Browser asks the API for a multi-part upload session. API initiates the upload with the object store and returns presigned PUT URLs for each part. Browser uploads parts in parallel directly to S3, retrying any that fail. On completion, browser calls API again to finalize. The API then enqueues a transcoder job that produces HLS chunks at multiple bitrates, writes them back to S3, and updates the database with the playback manifest URL. CDN serves the HLS chunks with long TTLs.

Interview Tips

How to discuss this topic effectively

1

Default to 'object store + CDN' for any blob: photos, videos, PDFs, exports. State it in one sentence and move on. Trying to store these in a relational database is a junior-level mistake.

2

Always mention presigned URLs for uploads. 'My server never proxies the bytes' shows you understand bandwidth economics.

3

Talk about cache TTL strategy explicitly: long TTL on versioned URLs, short TTL on dynamic content, no-store on private. Interviewers love precise cache headers.

4

Bring up storage classes when cost is mentioned. 'I'd lifecycle to Standard-IA after 30 days' demonstrates production awareness.

5

For private content, mention signed URLs at the edge. Treating the CDN as the authorization boundary - not just the origin - is a senior pattern.

Common Mistakes

Pitfalls to avoid in interviews

Storing user-uploaded files in a database BLOB/binary column

Databases are not built for multi-MB blobs - they bloat backups, kill replication speed, and push you toward expensive disk tiers. Store the bytes in object storage and put only the key and metadata in the database.

Proxying uploads through your application server

Your server's network bandwidth becomes the bottleneck. Use presigned URLs so the client uploads directly to the object store. Your server only orchestrates.

Relying on cache purge as the default invalidation strategy

Purges are slow, rate-limited, and asymmetric across edges. Use versioned URLs (asset.v17.webp) so updates produce new URLs and you never have to purge except for emergencies.
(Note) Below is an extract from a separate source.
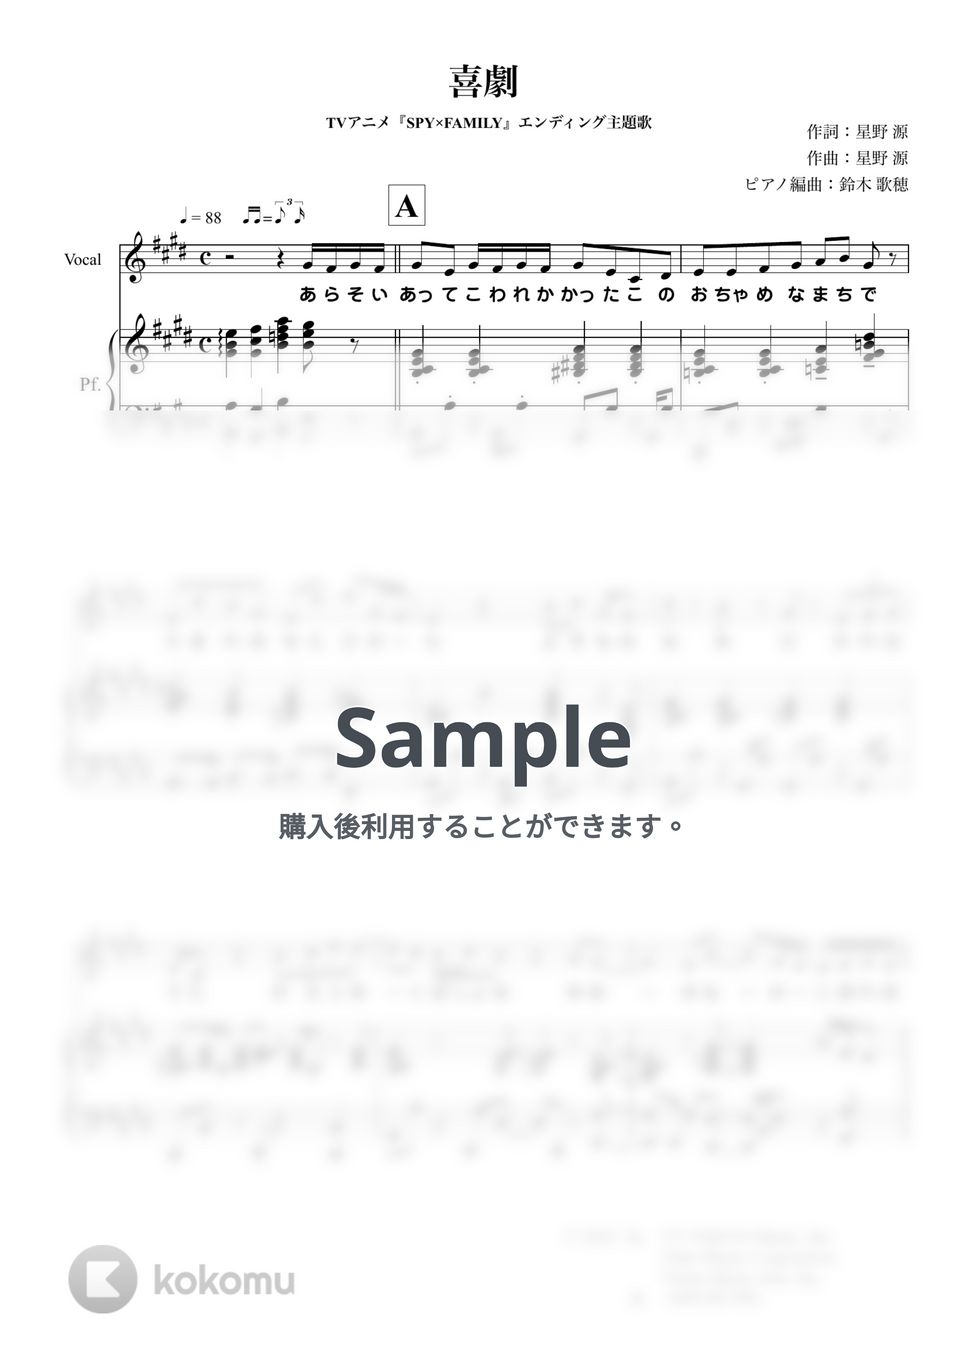 星野源 - 喜劇 (ピアノ弾き語り/『SPY×FAMILY』) by 鈴木 歌穂【ピアノ弾き語り】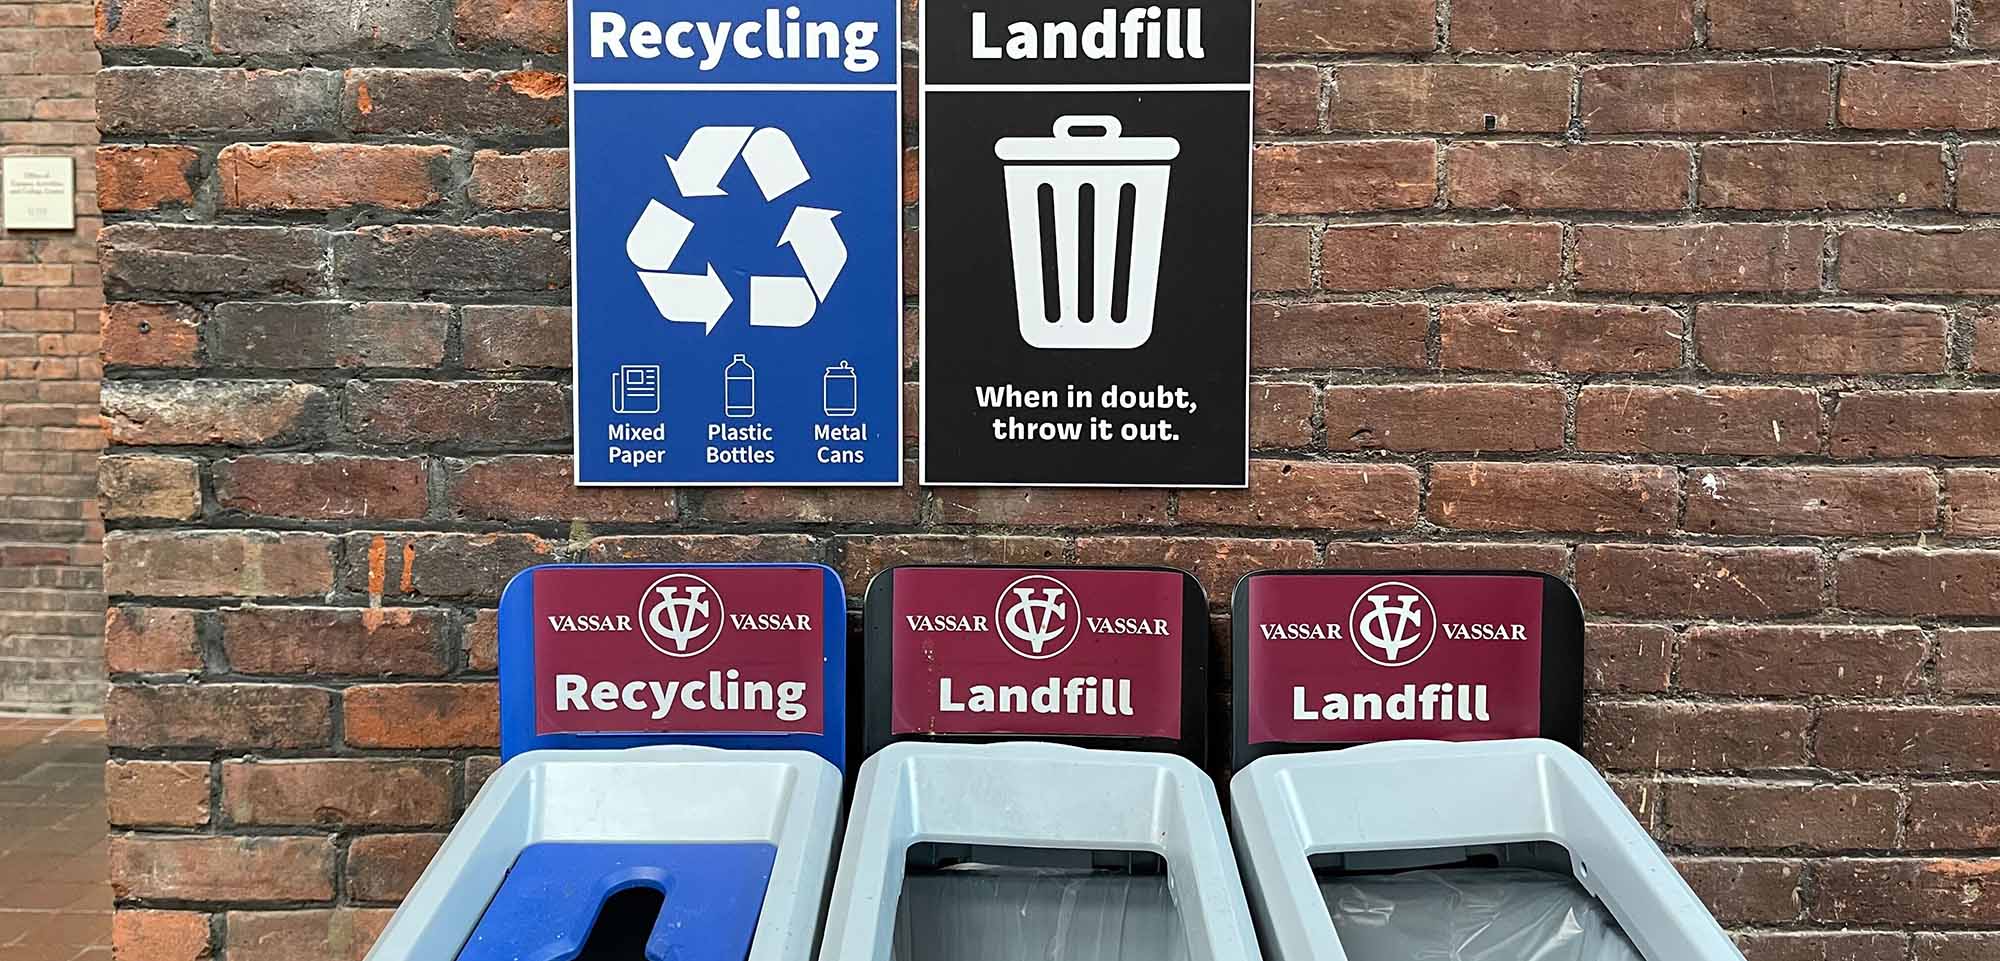 Landfill and recycling bins at Vassar.

Forgetting that S3 buckets are NOT directories

S3 keys are flat strings; slashes are convention, not structure. Listing 'objects in a folder' is just a prefix scan. Designing keys with predictable prefixes (uploads/users/<id>/) makes lifecycle rules and access policies much cleaner.

Leaving everything in S3 Standard forever

Most uploaded content is read heavily for the first week, then almost never. Lifecycle to Standard-IA at 30 days and Glacier at 180 days. This is one of the highest-ROI cost optimizations in any media-heavy product.